The changes in the character have paralleled changes in the customs of Christmas giving. Instead of poor children, it was good children who received gifts and then simply children. The lesson went from one of kindness and generosity to rewards for doing good to one of entitlement. At the same time, the season has lost much of its reverence and replaced it with consumerism, materialism, and greed. Neither God’s gift of his son nor St. Nicholas’ gifts to the needy are much remembered, even among Christians.

I am suggesting a new custom based on Nicholas’ old one.
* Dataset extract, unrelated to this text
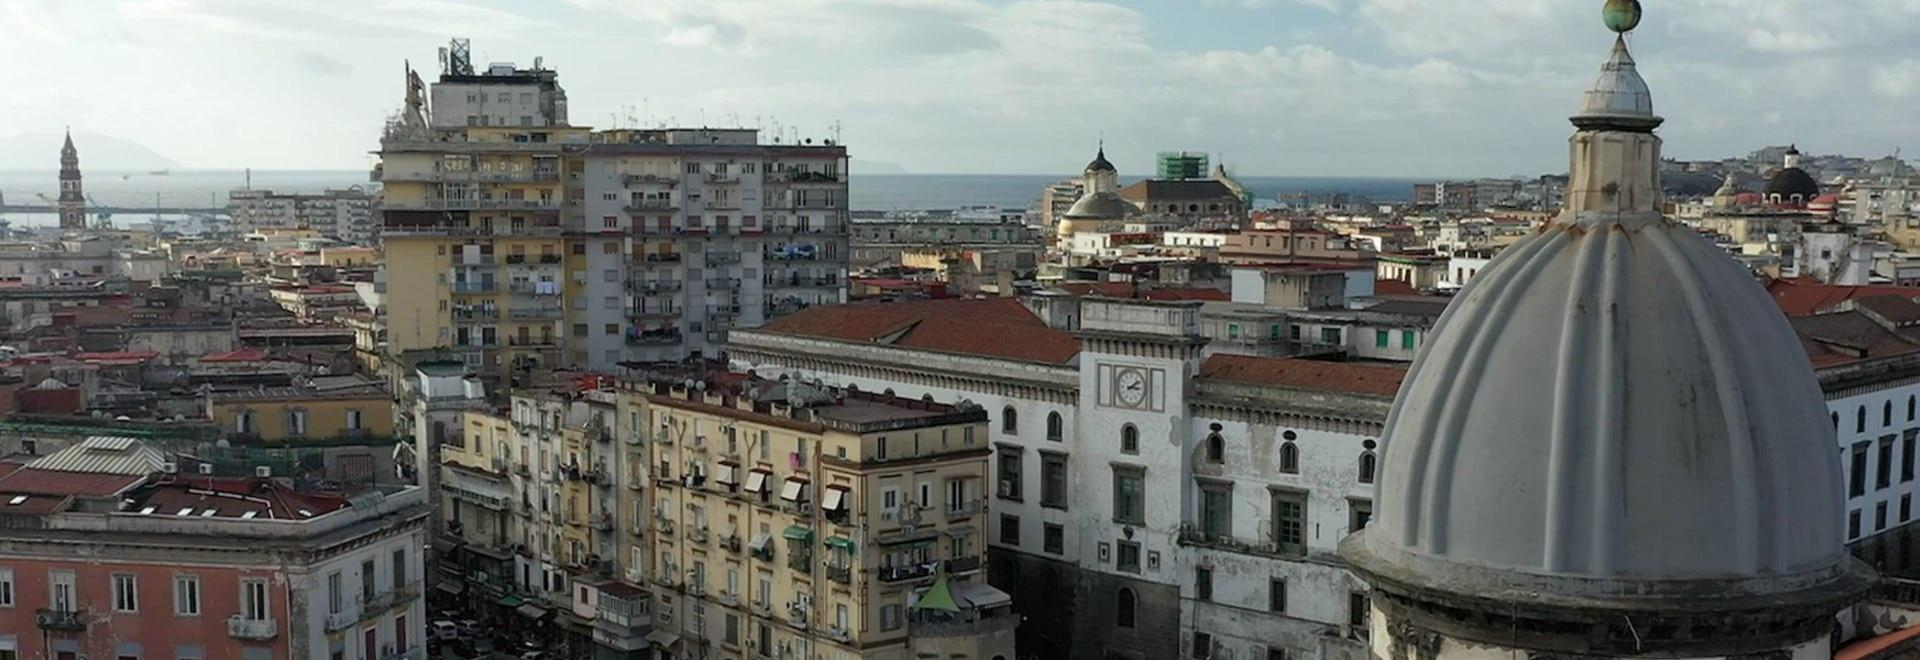 Castel Nuovo - La Napoli medievale
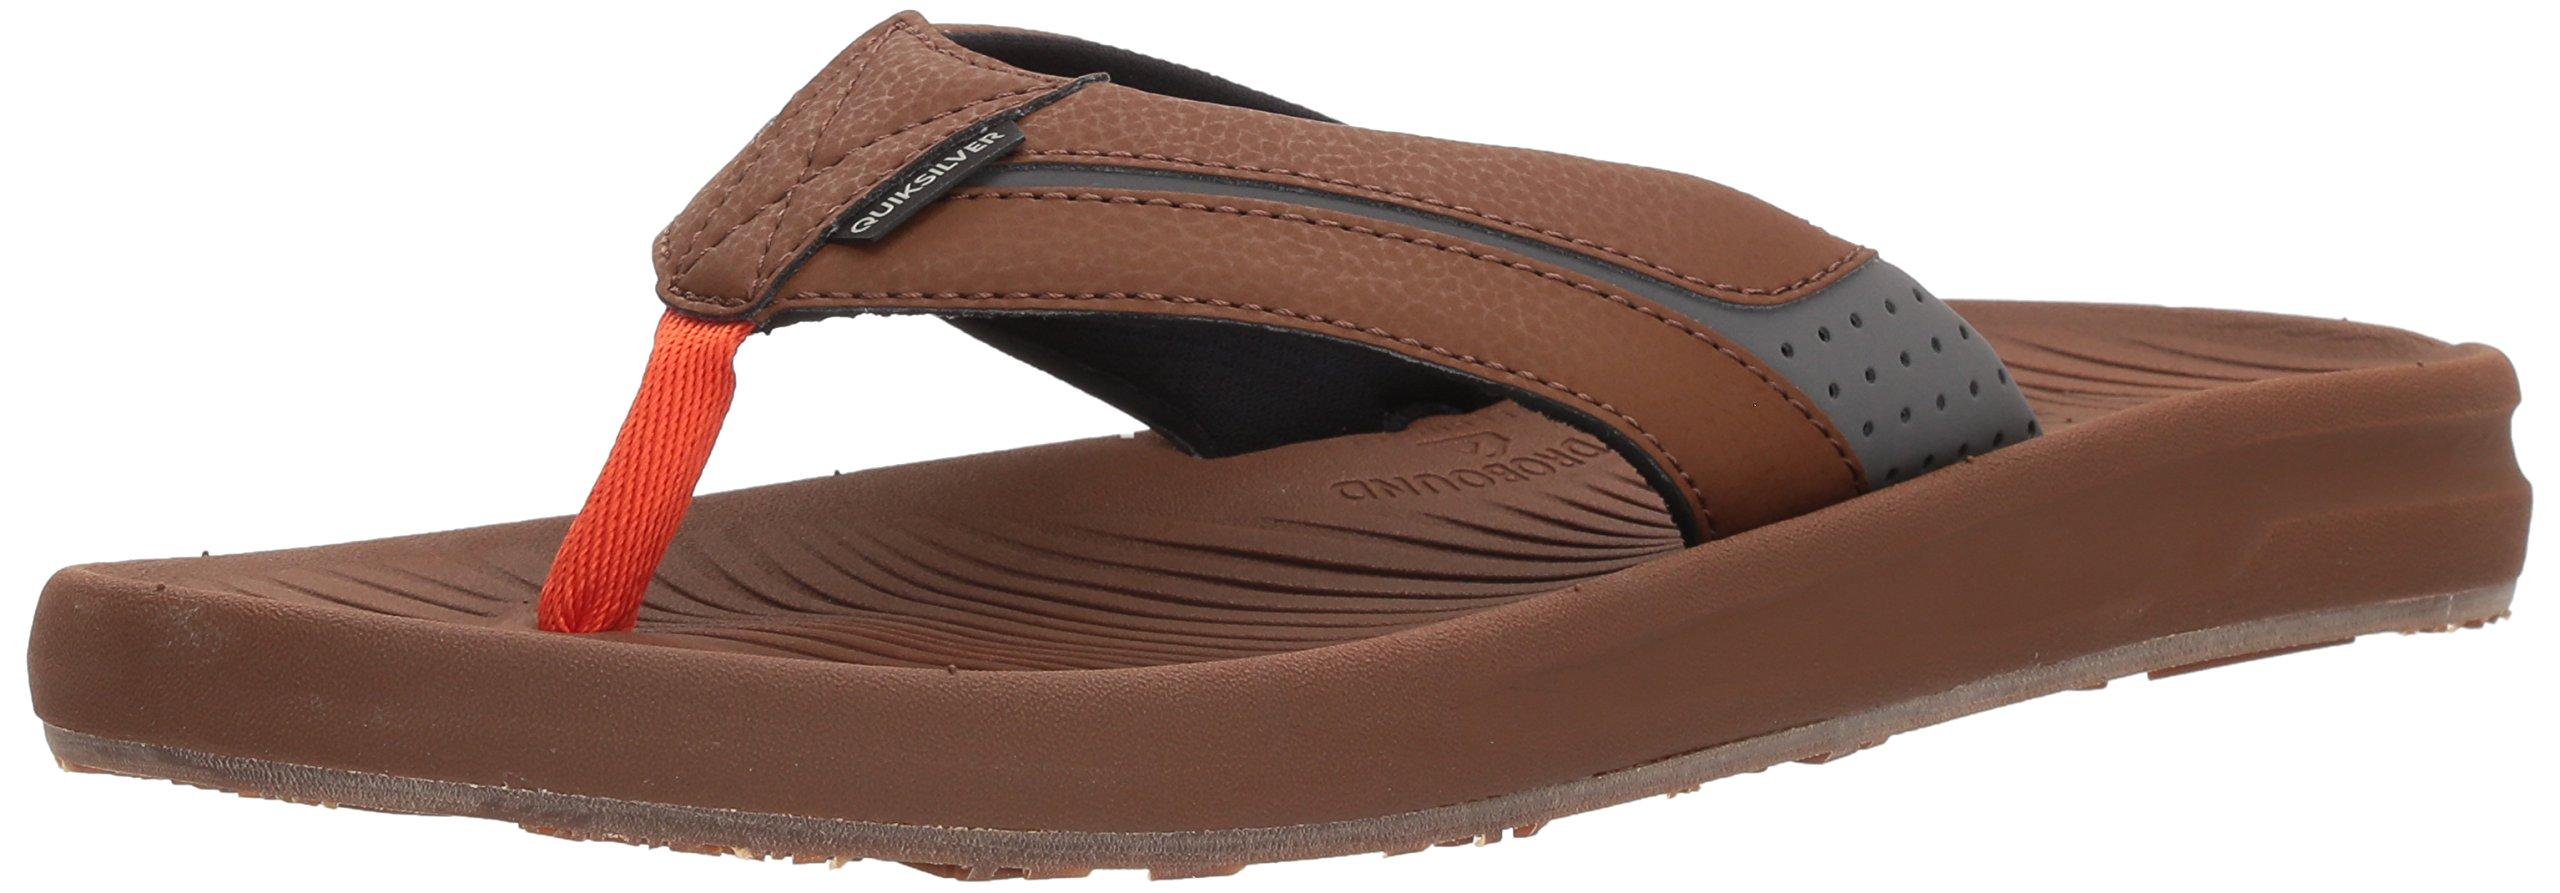 Quiksilver Men's Travel Oasis Sandal, Brown/Brown/Orange, 12 M US

I’m not a parent, so I offer this idea humbly. We need a new tradition more reflective of Jesus and suitable for celebrating his birth, and also one that counters gently the current greed-oriented commercialism.

My idea is to begin seeking opportunities to those in need, just at the family level. It may be hard, at times, because our approach to welfare encourages dependency and entitlement. Yet many, especially in crisis, have not and perhaps do not want to access that system. Look for them. Focus on kindness, even do what you do anonymously. It’s your family’s tradition but make in thoughtful and helpful. When children are small, just do it, with simple explanation. As they get older, unleash their eyes and creativity. Don’t abolish gifts for them, but reign them in and keep them modest, not the center of everything. Even consider making “Santa’s” gift contingent on their own generous giving attitude.

I think we must also emphasize stories that inspire a kind, generous spirit. St. Nicholas is one. The Bible has others. Use those who were present: “And the shepherds came to the place where Jesus lay…and they gave each other gifts!” or “Remember Johnny’s birthday party when no one gave him anything?” or “Why did the wise men bring Jesus gifts? Weren’t those strange gifts? I wonder what happened to them.” Avoid linking the Christmas story to politics and government. We don’t look to them to do good for us.

I believe we need to do more with “Love your neighbor”, not just at Christmas but all the time. This isn’t an evangelistic technique; it is the very spirit of our faith, which is dead without works. We need to talk less, be more patient, and demonstrate our faith by our works. Working that attitude into our Christmas customs is a good place to start, as we teach and model our love to children and to each other.